Remember that these types of loans tend to have higher rates and shorter repayment terms. That means you’ll need to start working on your project right away so you can convert it into a different loan product later.
Remember the True Cost of Homeownership
Buying a house comes with a lot of responsibility, and it can cost you more than just your monthly mortgage payment. Depending on the age of the home or other factors, you might need to sink even more money into upkeep or renovations.
The cost to maintain a home can vary, but you should always set extra money aside and put it into an emergency fund in case something goes wrong. Property taxes are another variable that can change as time goes on. For example, if tax rates increase in your area, so will your monthly payment.
Make sure the home you choose is energy efficient to help you save on heating and cooling costs. Get a thorough home inspection before you make an offer so you can identify any major problems before they become your responsibility.
Opting for new construction might cost you more money upfront, but you can certainly save more on maintenance or repair costs if you choose this route. In addition, many home insurance providers will offer a discount to people who purchase new construction. A brand-new home will have fewer issues in terms of dealing with problems regarding the insulation, electrical wiring, plumbing, and the roof.

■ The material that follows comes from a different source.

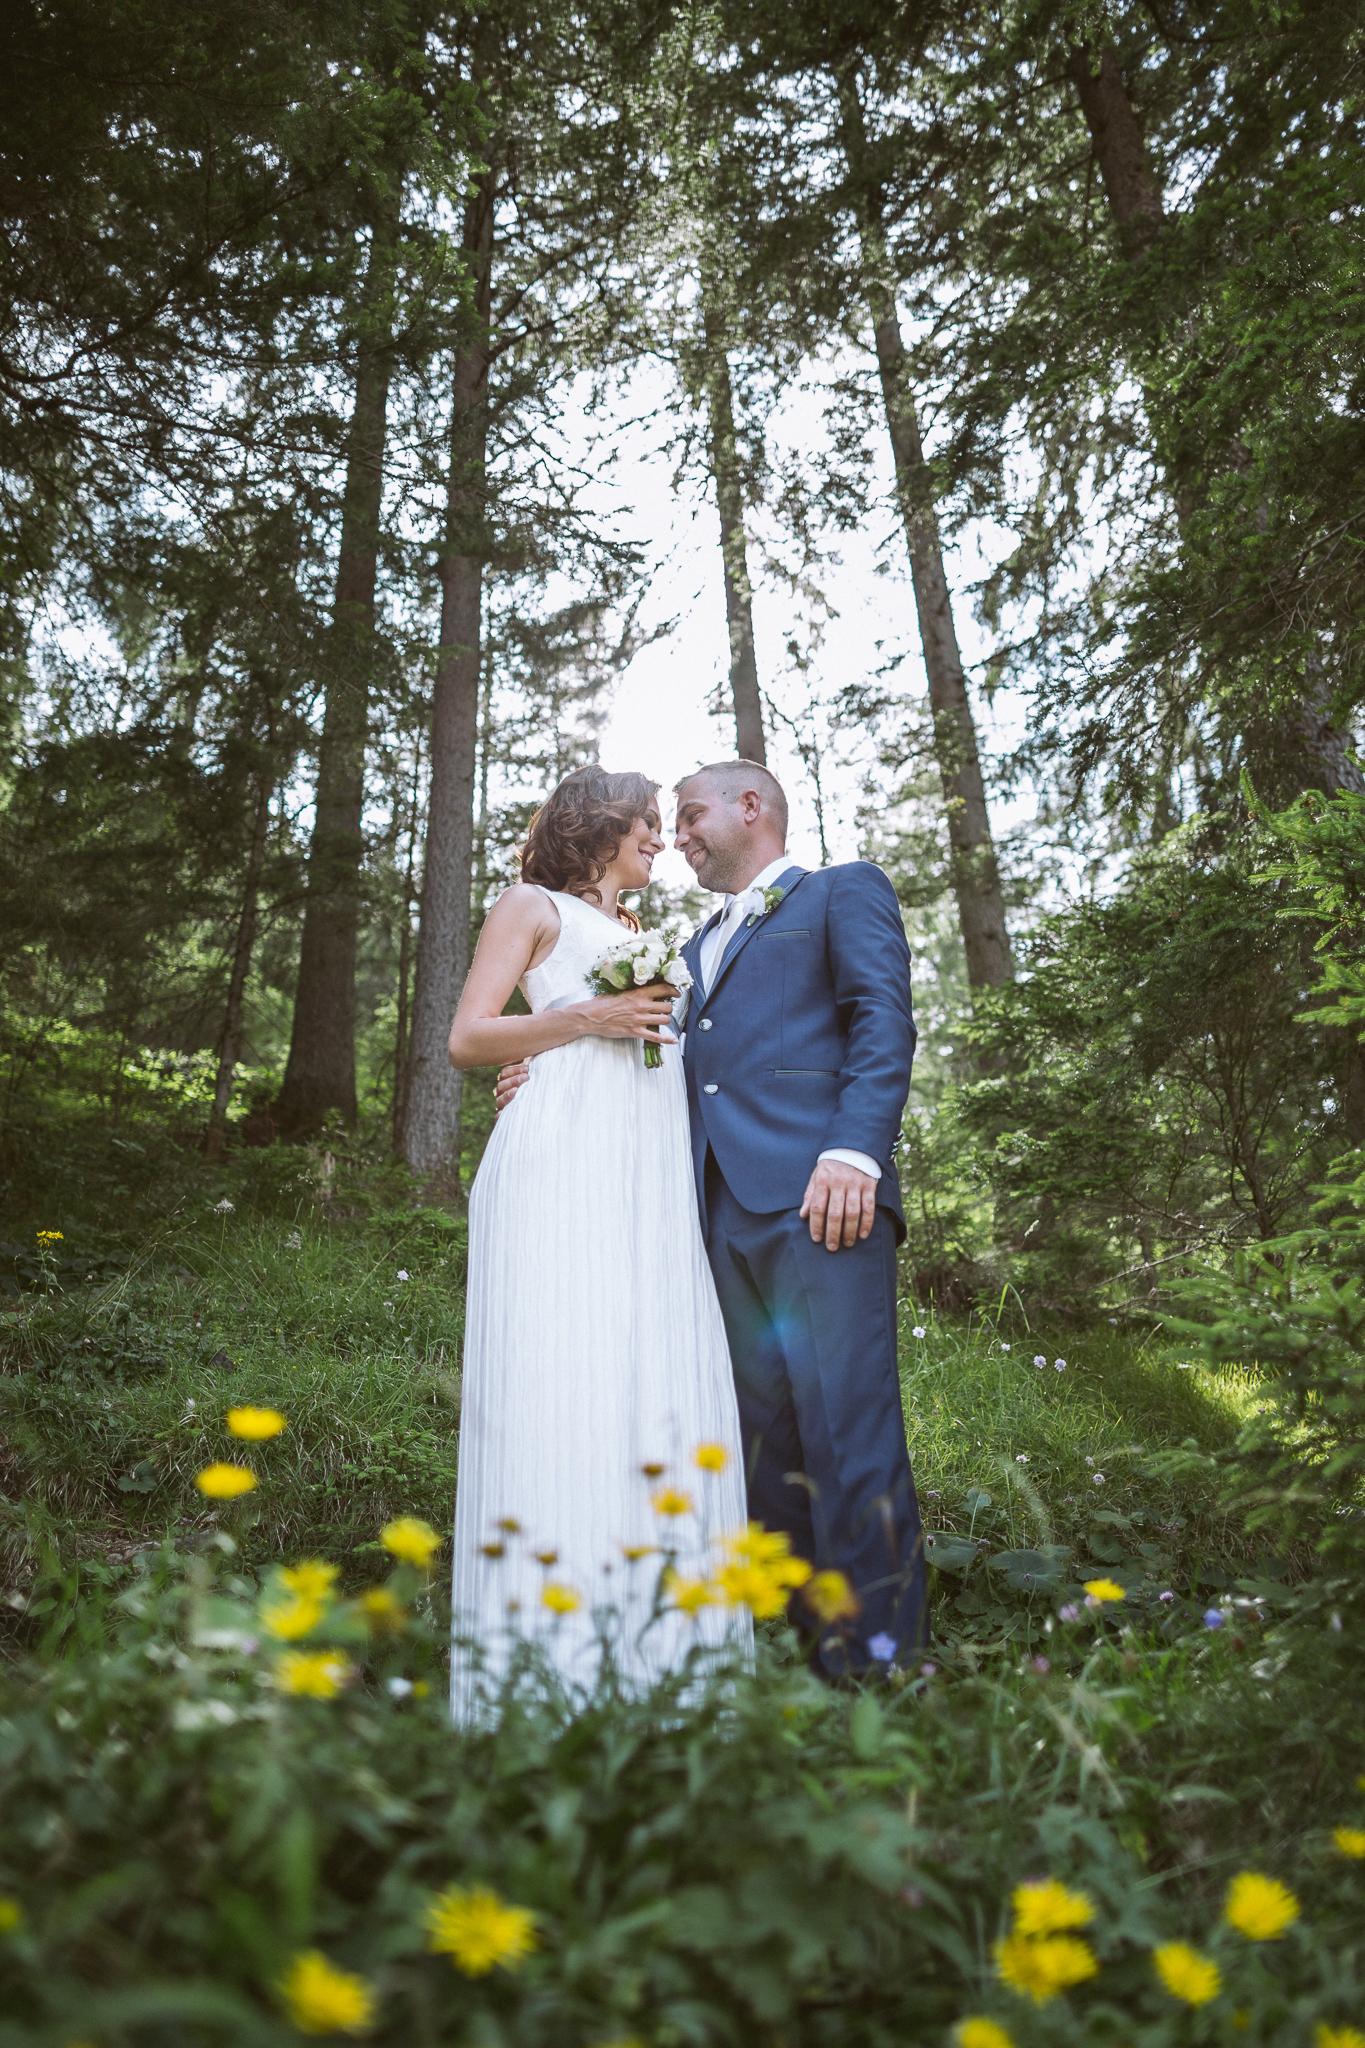 FylepPhoto, esküvőfotózás, magyarország, esküvői fotós, vasmegye, prémium, jegyesfotózás, Fülöp Péter, körmend, kreatív, grüner see_32.jpg

Be Reasonable and Realistic
Everyone has expectations of what their new house should look like, where it should be located, and its features. As a homebuyer, it’s crucial to remember to be realistic when it comes to buying a home.
You might not be able to afford that huge home on a corner lot uptown right now. However, as you start to save and grow financially, that dream could become a reality later down the line.
Try to be patient and realistic when you look for a new home to buy. Stay within the confines of your budget so you don’t end up overspending and turn out to be “house poor” as time goes on. Simple upgrades and changes can always be made as your income increases or your budget changes.
Once you learn the basic principles of saving, budgeting, and homeownership, the dream of owning your own home will be well within reach. Talk to different lenders and find out what types of loans you qualify for so you can get started.
Only choose a home that you can handle in terms of maintenance and other costs. If that means your new house has to be smaller than you originally wanted, at least you’ll save on things like replacing the roof or HVAC unit later.
Owning a Home is Within Reach
Talk to a hard money lender or your local bank to find out what type of financing you can qualify for when looking for a new house. With proper planning and a good budget strategy, it’s easy to save for your downpayment and other costs.
Remember to be patient and realistic in your homeownership goals. Consider a new construction home if you’re concerned about maintenance costs or you want to build a home that’s to your specifications.